◆ What is expected ◆
Please set down only the lines below starting with the line with "Monarch Specialties Round" and going on through the line with "Lds JoanOfArcticWedgeII black wtpf boot", verbatim and without pictures.

(Exercise material Opens)

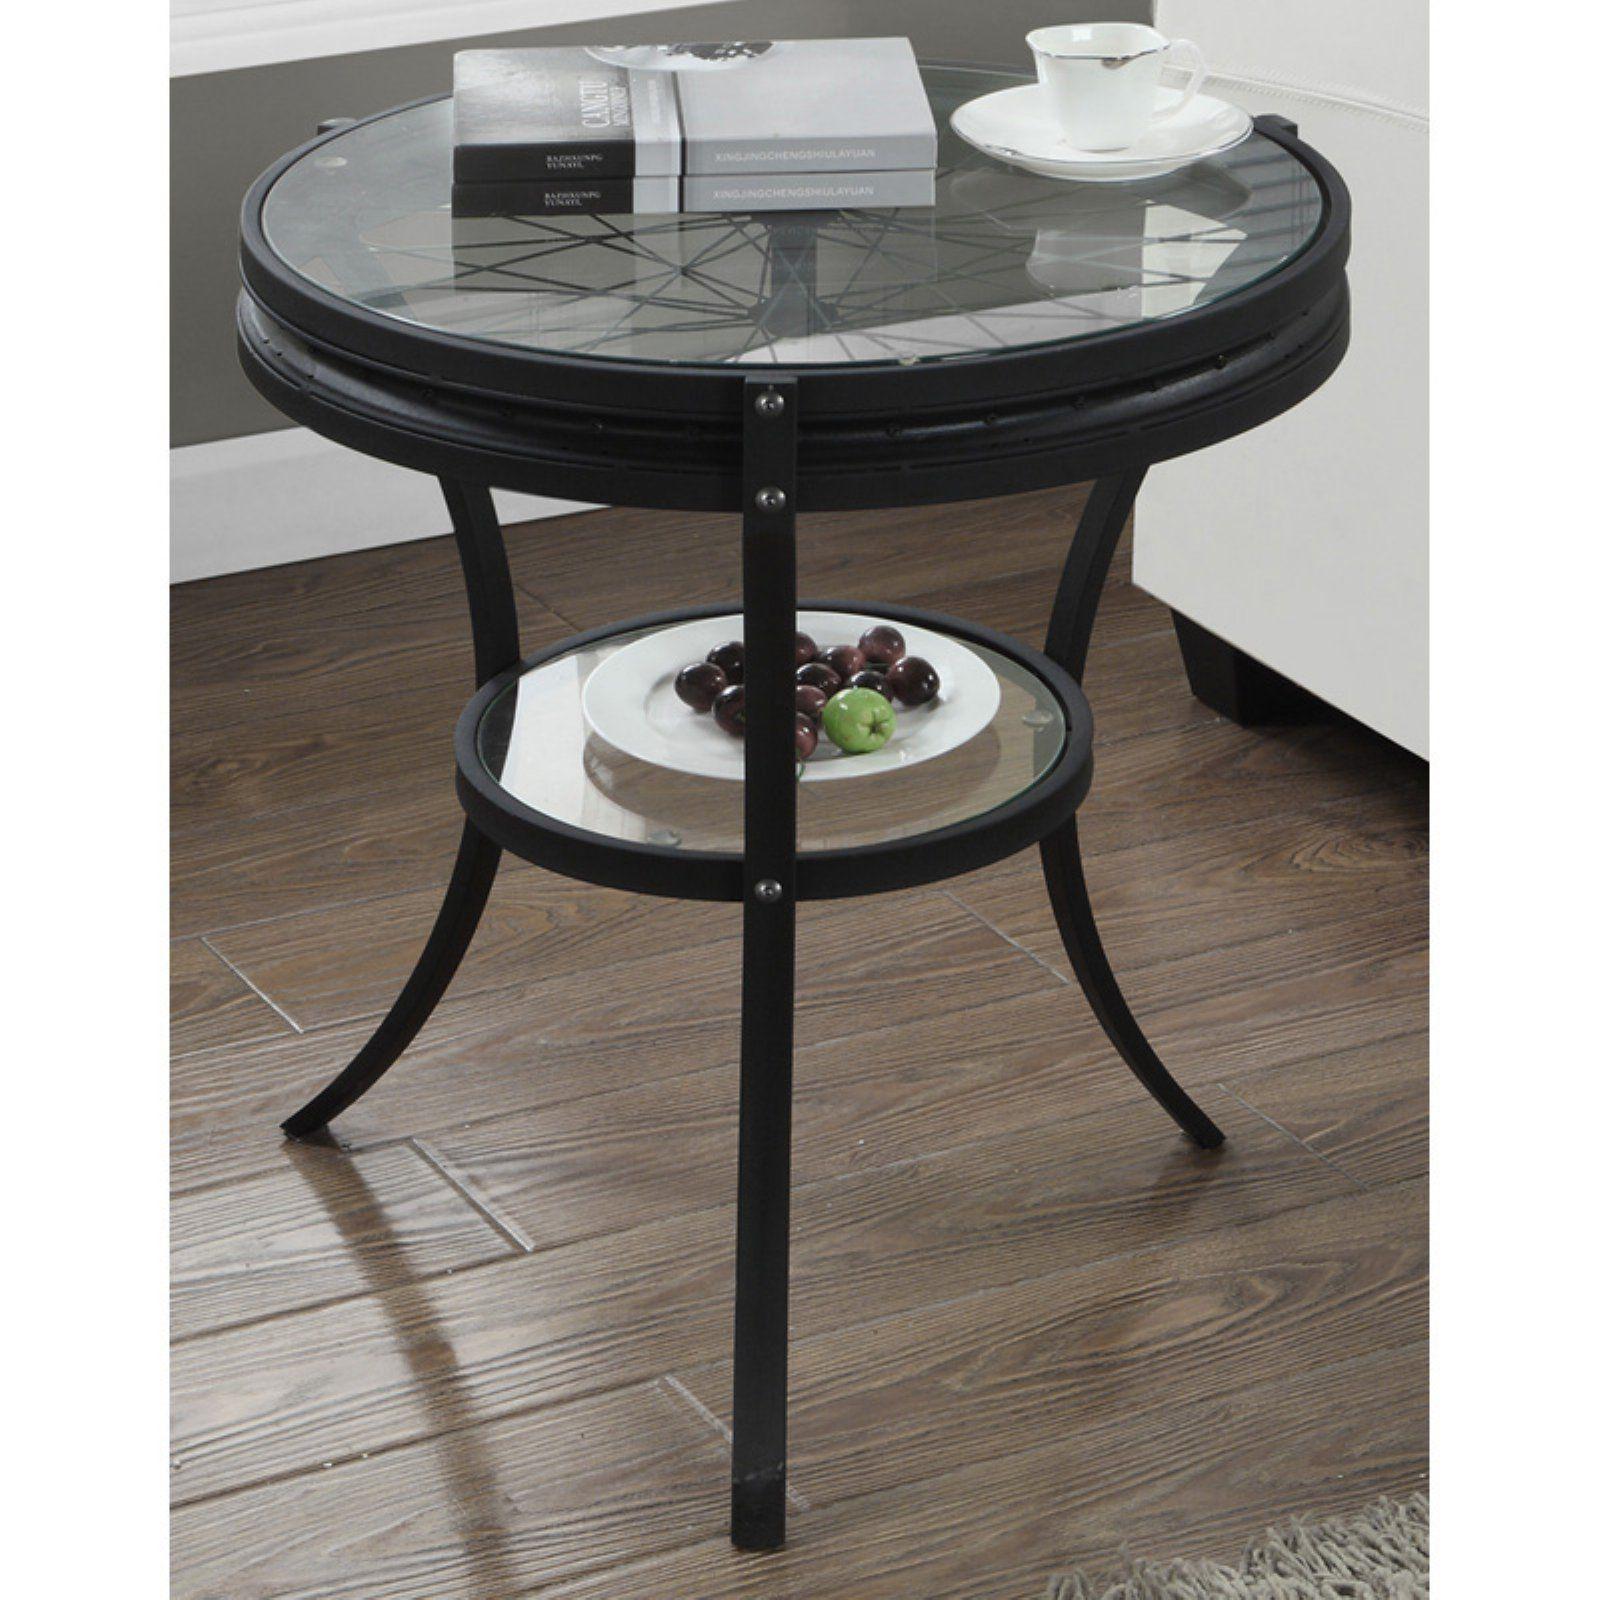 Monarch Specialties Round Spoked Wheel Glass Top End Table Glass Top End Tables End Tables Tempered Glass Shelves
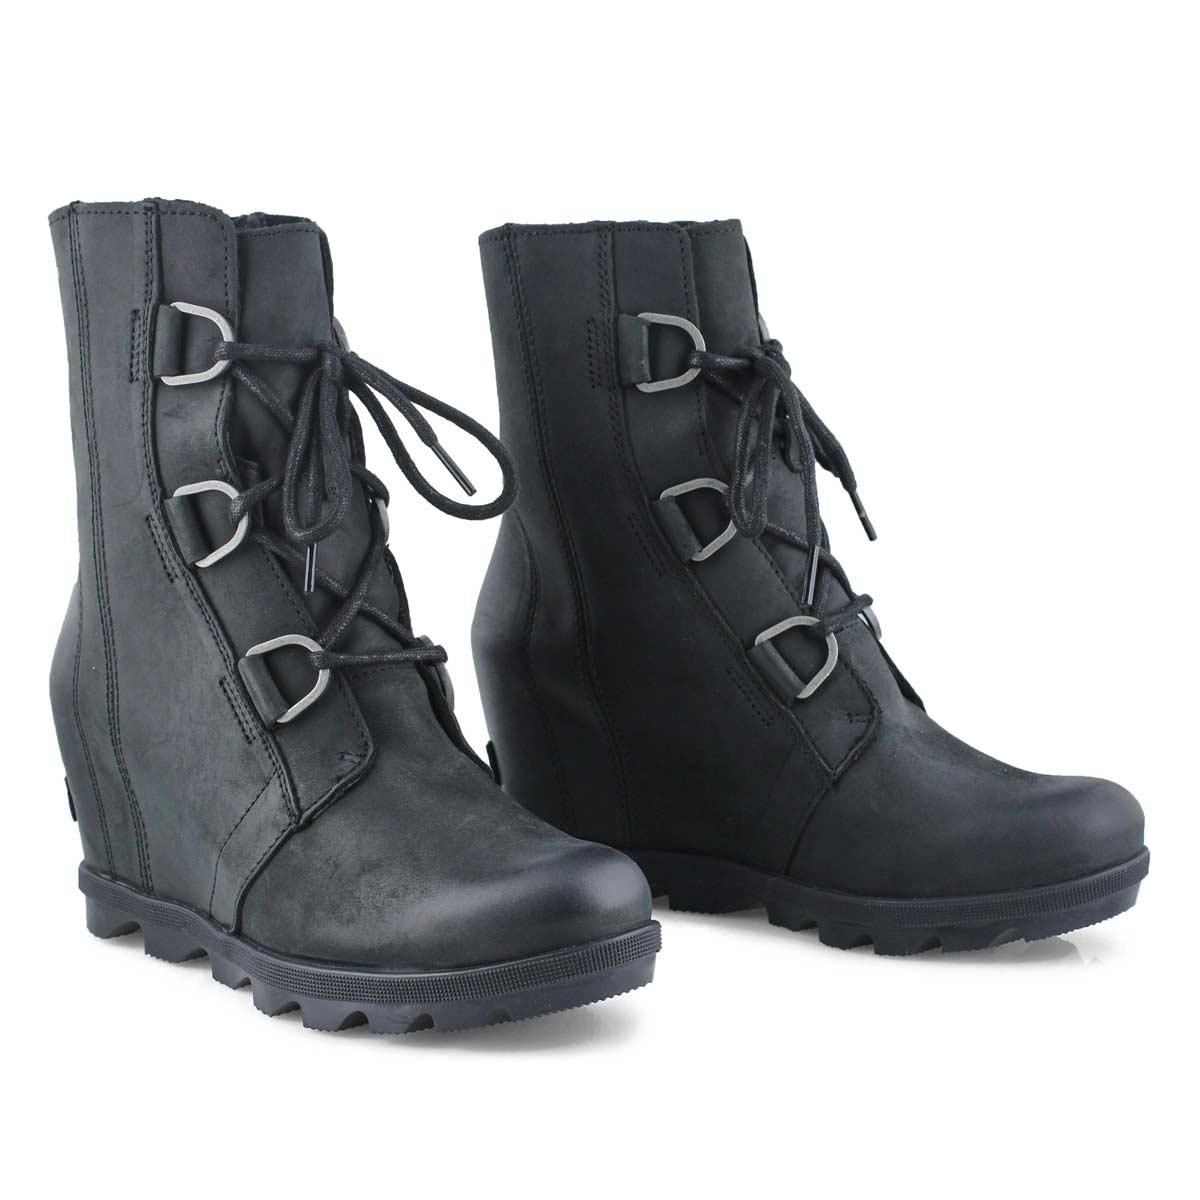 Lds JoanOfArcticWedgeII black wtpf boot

(Exercise material Closes)
(Exercise material Opens)

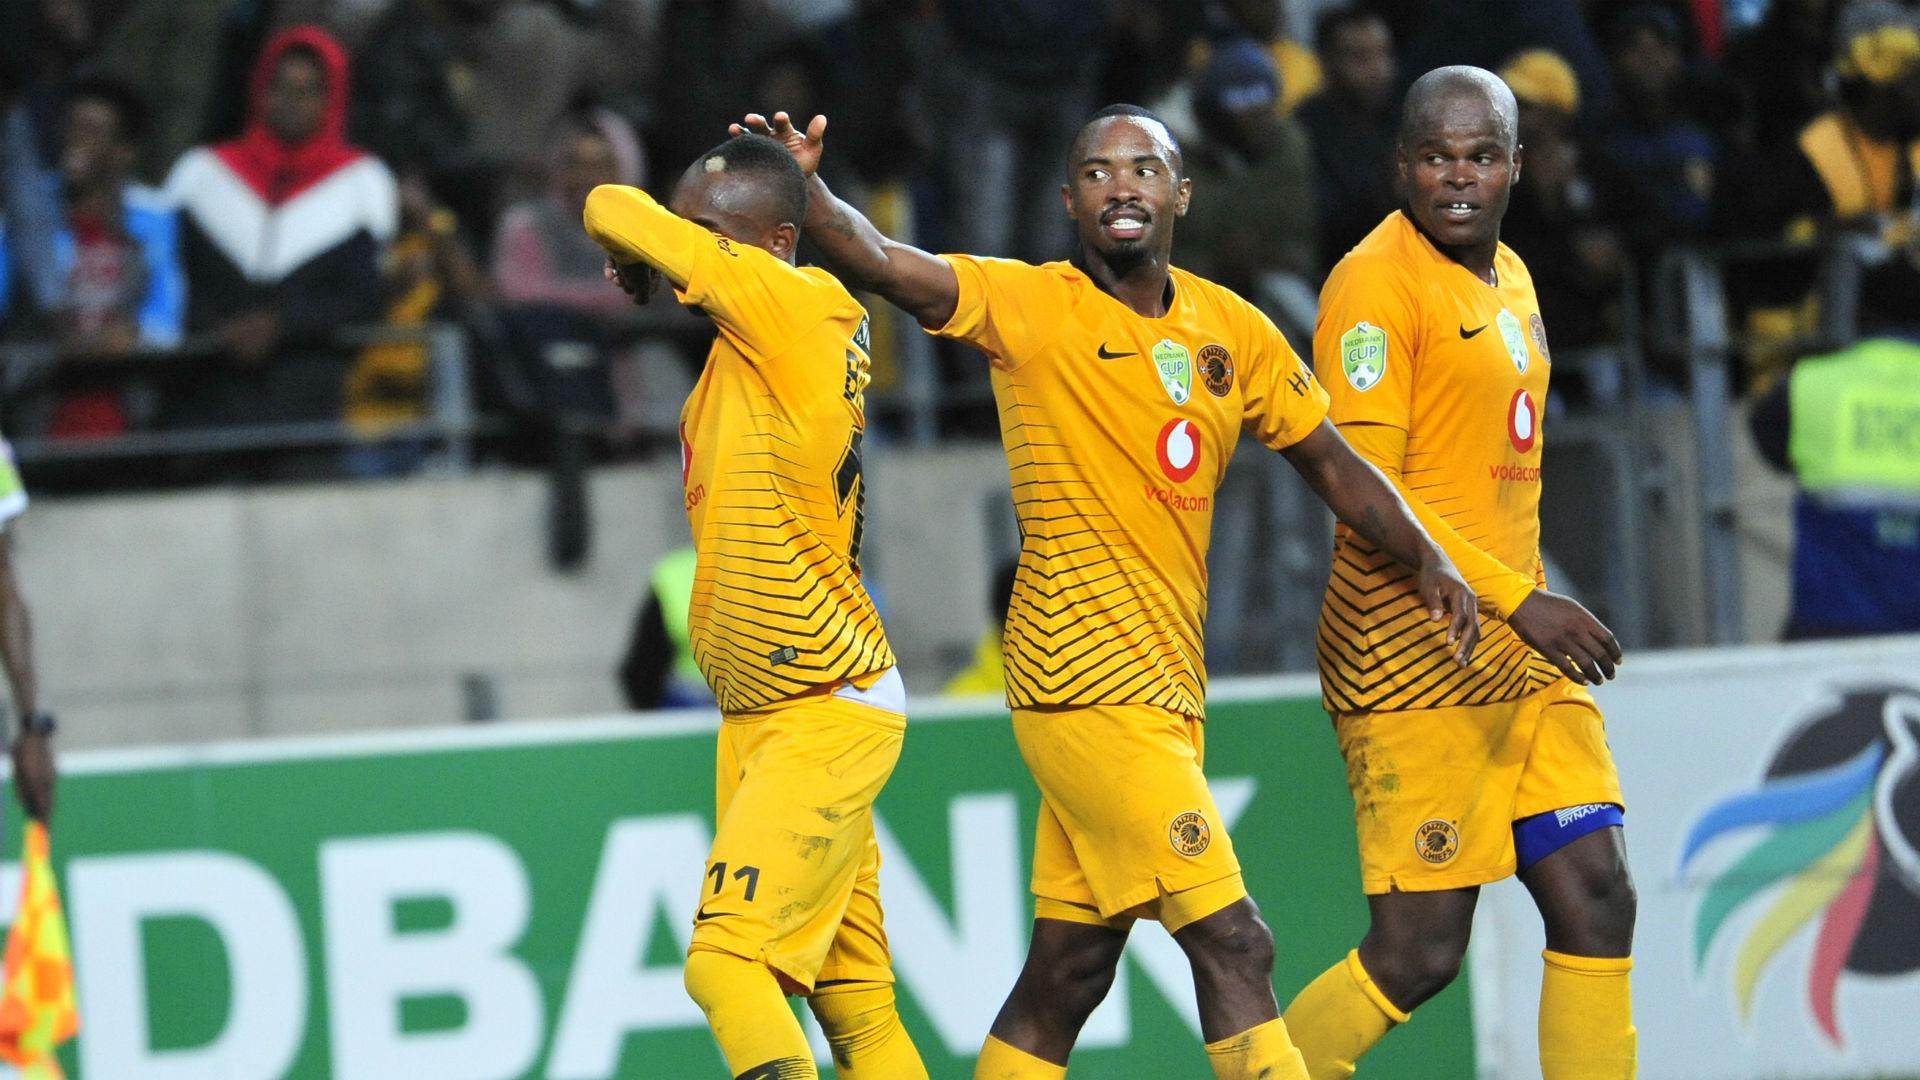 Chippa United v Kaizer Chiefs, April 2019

(Exercise material Closes)

◆ Exercise solution ◆
 Monarch Specialties Round Spoked Wheel Glass Top End Table Glass Top End Tables End Tables Tempered Glass Shelves
 Lds JoanOfArcticWedgeII black wtpf boot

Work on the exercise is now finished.